Freedom from Disconnection – Pastor Evan Davis

They knew a cash cow when they saw it. When these businessmen, these opportunists first heard this woman crying out in the street, yelling what at first seemed meaningless until they listened further, they knew they were staring opportunity in the face. When they first heard her speak of their own future, they knew they couldn’t let this opportunity go. So they bought her, they purchased her, in the marketplace, as they would a goat. They had to pay a premium for this enslaved woman, as she possessed, or was possessed, rather, by a spirit of divination. She was their fortune-telling machine. She was their fortune-making machine.

Why she annoyed Paul so much we don’t really know. The way Luke writes the story it seems as if her following Paul and his companions around town was a daily occurrence.1 Maybe it was simply the repetition. “These men are slaves of the Most High God, who proclaim to you a spirit of salvation.” That might get annoying after a while. Maybe it was because she used the term, “Most High God,” which was really a term anybody used for the god higher than other gods, still implying many. Maybe it was because this spirit inhabiting her was the source of her insight.2 Maybe because Paul knew she was making money for these unscrupulous businessmen. And so one day he can’t handle it anymore and, very much annoyed, Luke tells us, he rather arbitrarily decides it’s time for the spirit to go.
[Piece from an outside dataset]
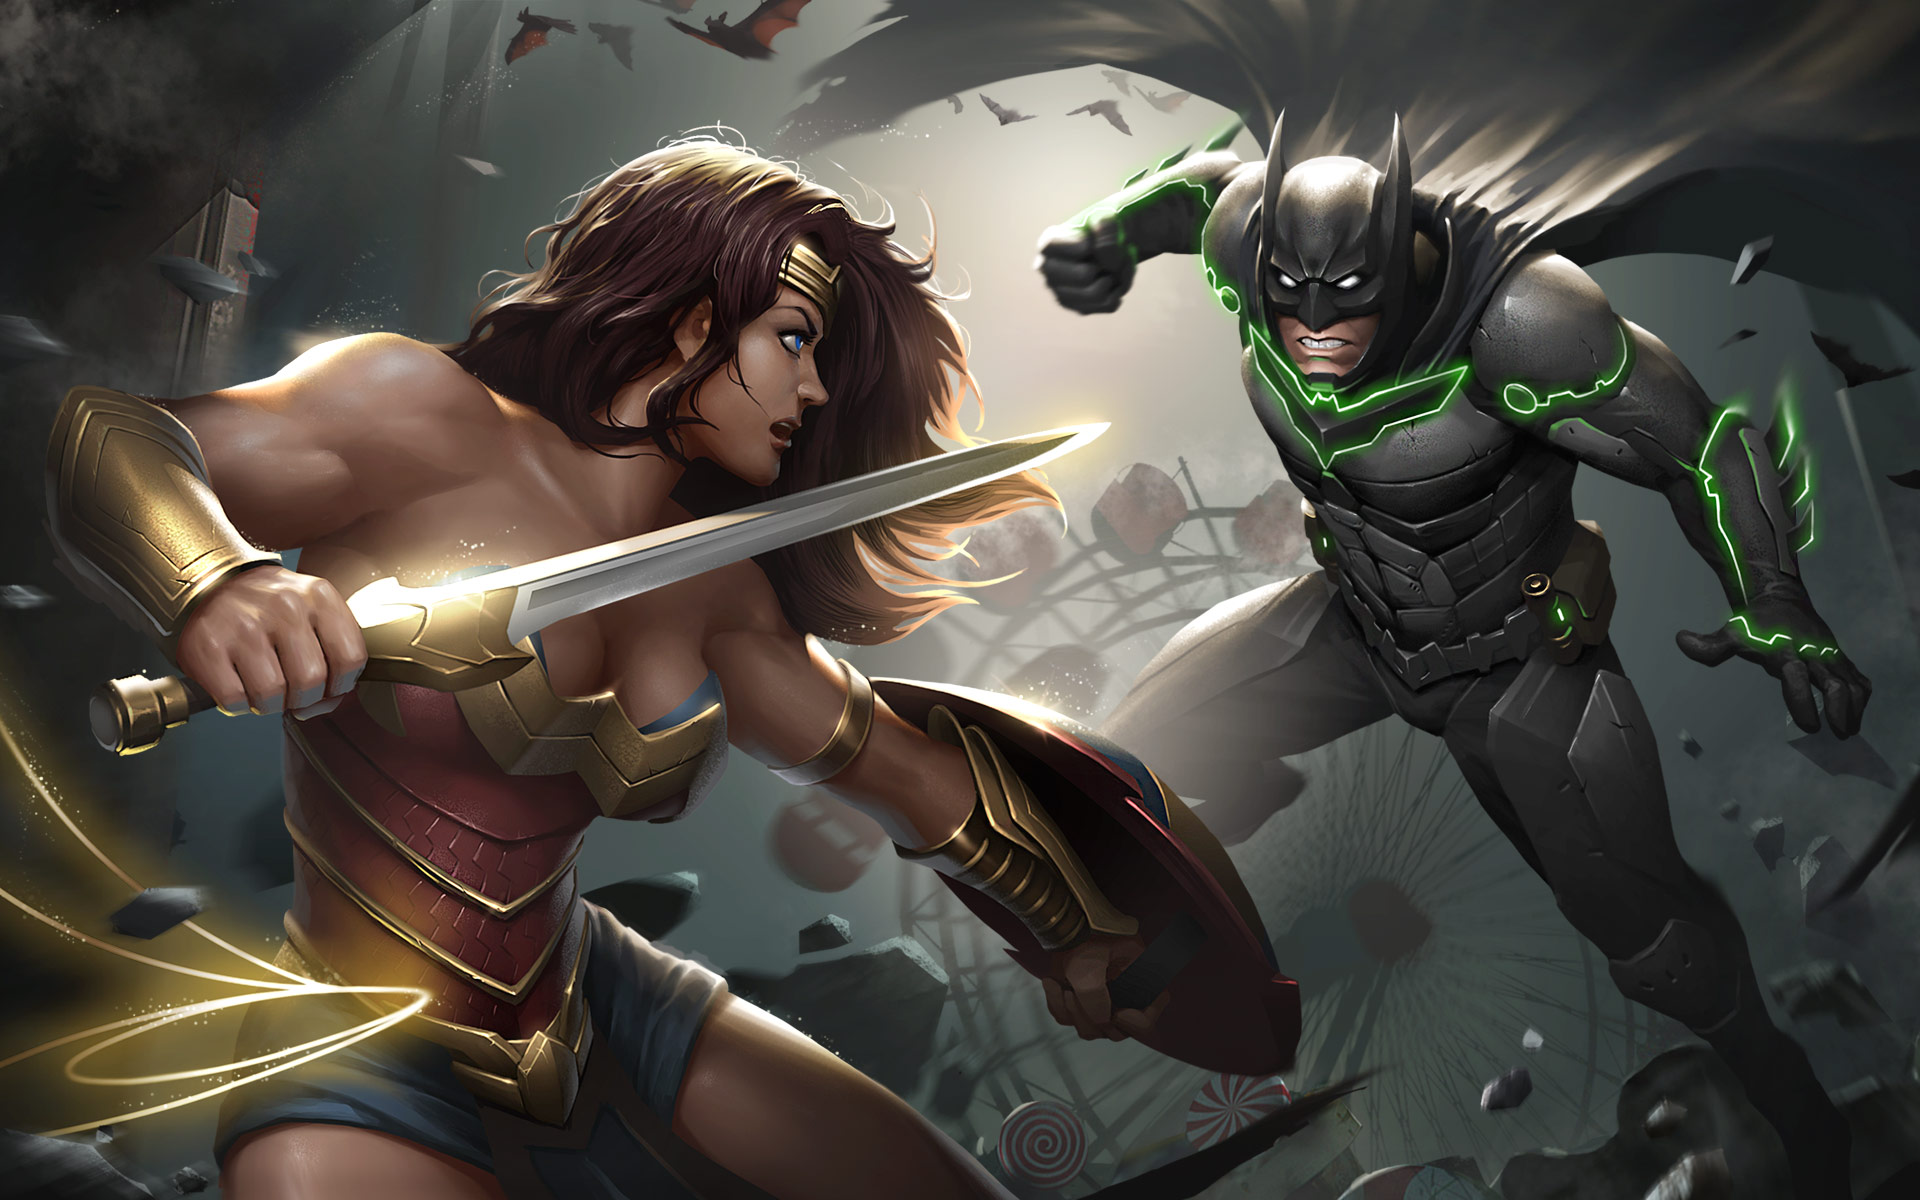 Wallpaper Injustice 2, Video Game, Wonder Woman, Batman, - Injustice 2 Wonder Woman - HD Wallpaper

We might think this woman has been set free, and, in a way, she has. And yet, as soon as the spirit is gone, she disappears from the story. Luke doesn’t find it important to tell us what happens to her. Just like he didn’t find it important enough to record her name. She’s still a slave and her economic usefulness has just been taken away from her. What was going to happen to her now? We might yearn for her to be set free from slavery, from exploitation, from her personhood being taken away from her because she was a woman. On this Mother’s Day, we might celebrate her as a good example of all the unnamed women, and unnamed mothers, of the Bible.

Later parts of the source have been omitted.